Window: A sliding window operation composed of three parameters: batch size, window length, and sliding interval. This operation combines multiple batches of RDD into one calculation.
ForeachRDD: this operation is an output operation, which is special.
/** * Apply a function to each RDD in this DStream. This is an output operator, so * 'this' DStream will be registered as an output stream and therefore materialized. */ def foreachRDD(foreachFunc: (RDD[T], Time) => Unit) { new ForEachDStream(this, context.sparkContext.clean(foreachFunc, false)).register() }
Integration with Spark SQL and DF
Example
This is similar to the control logic.
Cache
For window operations, the data received by default is persist in the memory.
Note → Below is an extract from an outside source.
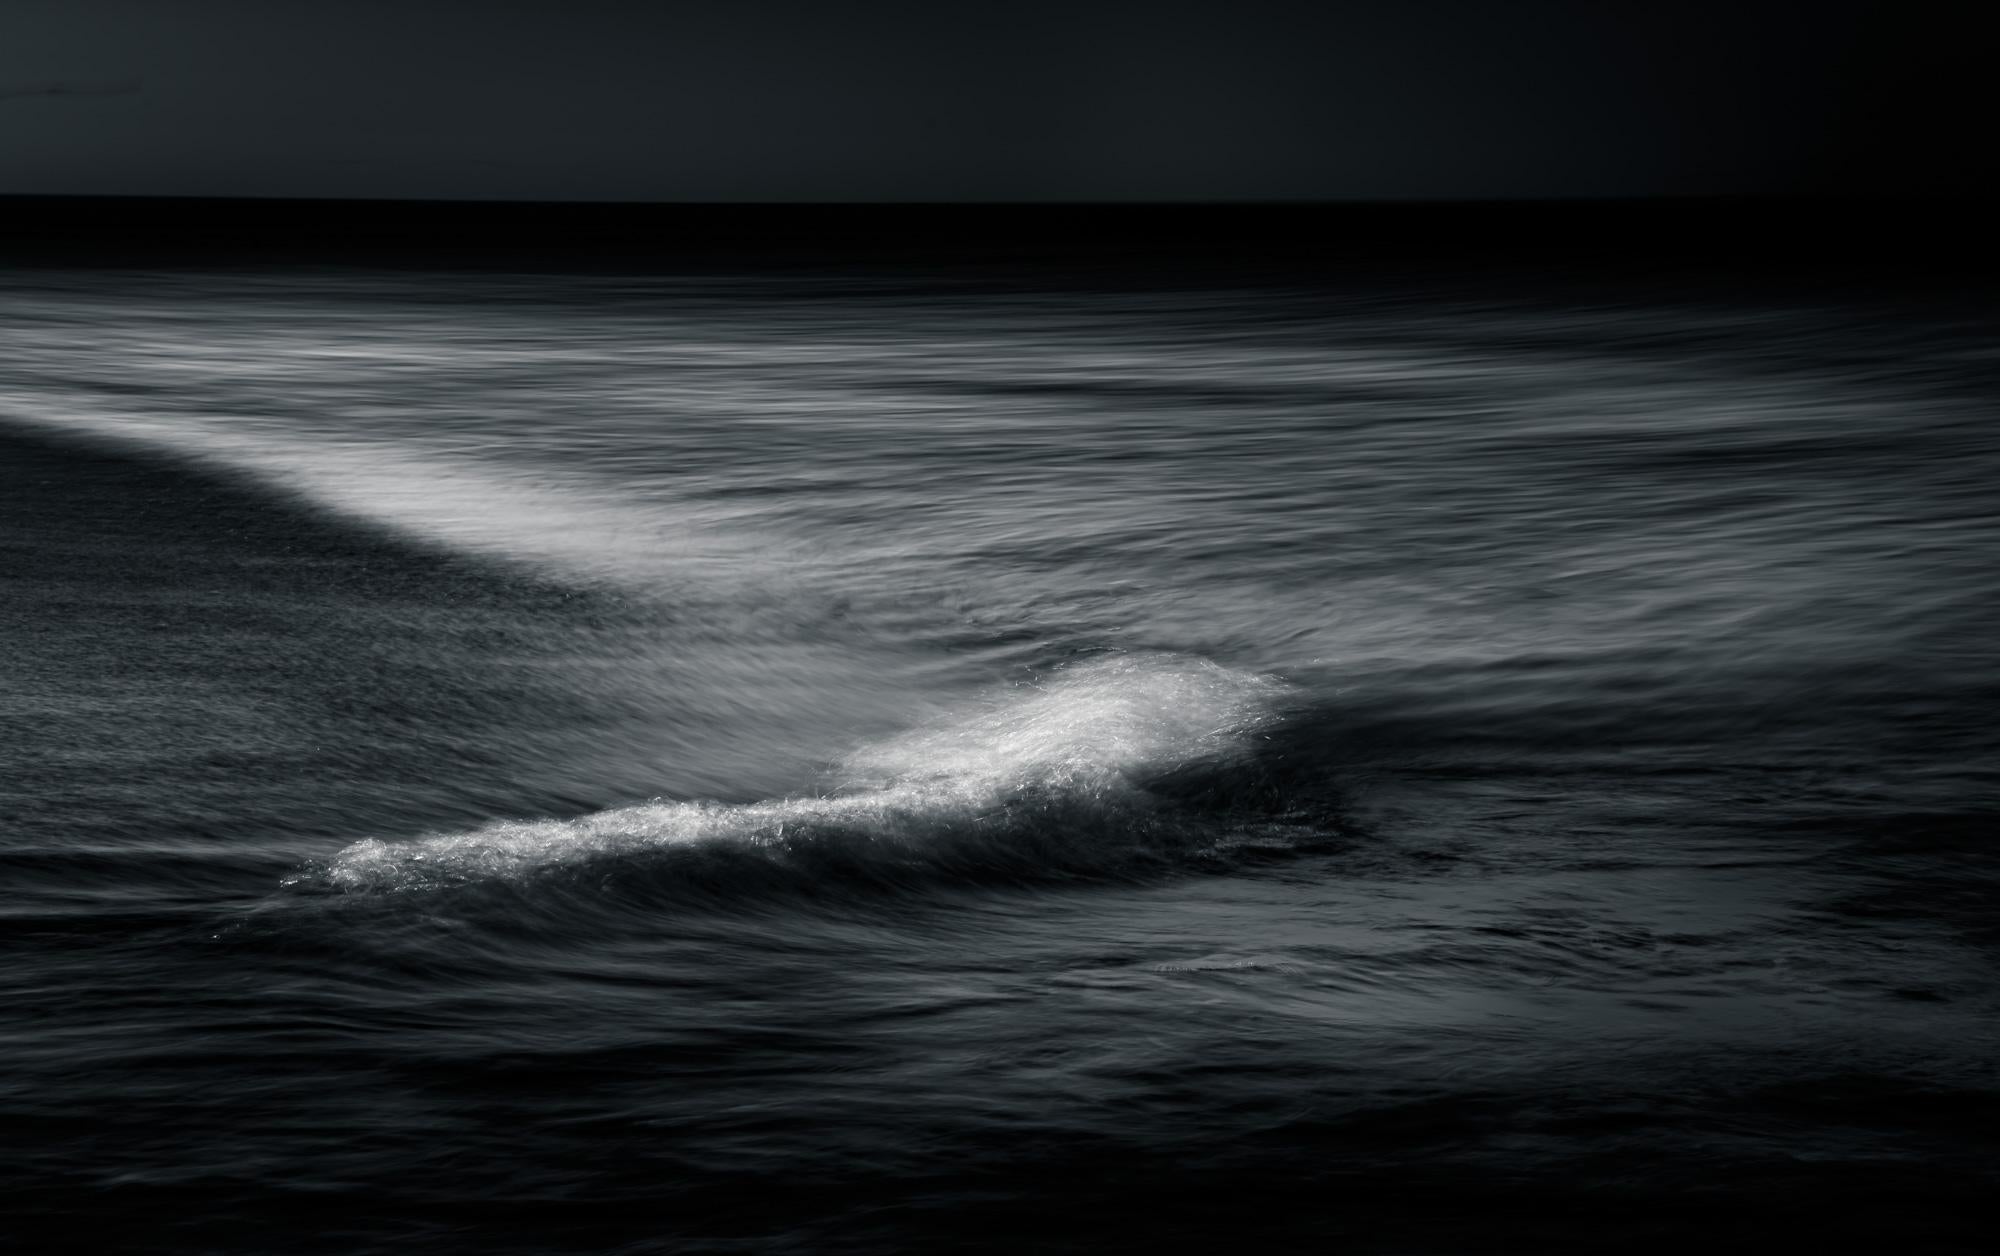 Landscape Photograph Howard Lewis - Waves - Photographie éthérée océanique en noir et blanc n°85

For flume and kafka source, replicate the data received by default is saved in two copies.
Checkpoint
The result RDD of state-related streamcompute will be directed to HDFS by cp. The original Article is as follows:
Data checkpointing-Saving of the generated RDDs to reliable storage. this is necessary in some stateful transformations that combine data processing SS multiple batches. in such transformations, the generated RDDs depends on RDDs of previous batches, which causes the length of the dependency chain to keep increasing with time. to avoid such unbounded increase in recovery time (proportional to dependency chain), intermediate RDDs of stateful transformations are periodically checkpointed to reliable storage (e.g. HDFS) to cut off the dependency chains.
The cp interval can also be set. You can perform one cp operation in multiple batches.
Cp operations are synchronized.
A simple flow task without state operations can be disabled.
The driver metadata also has a cp policy. When driver cp is usedStreamingContext
Objects are written to reliable storage.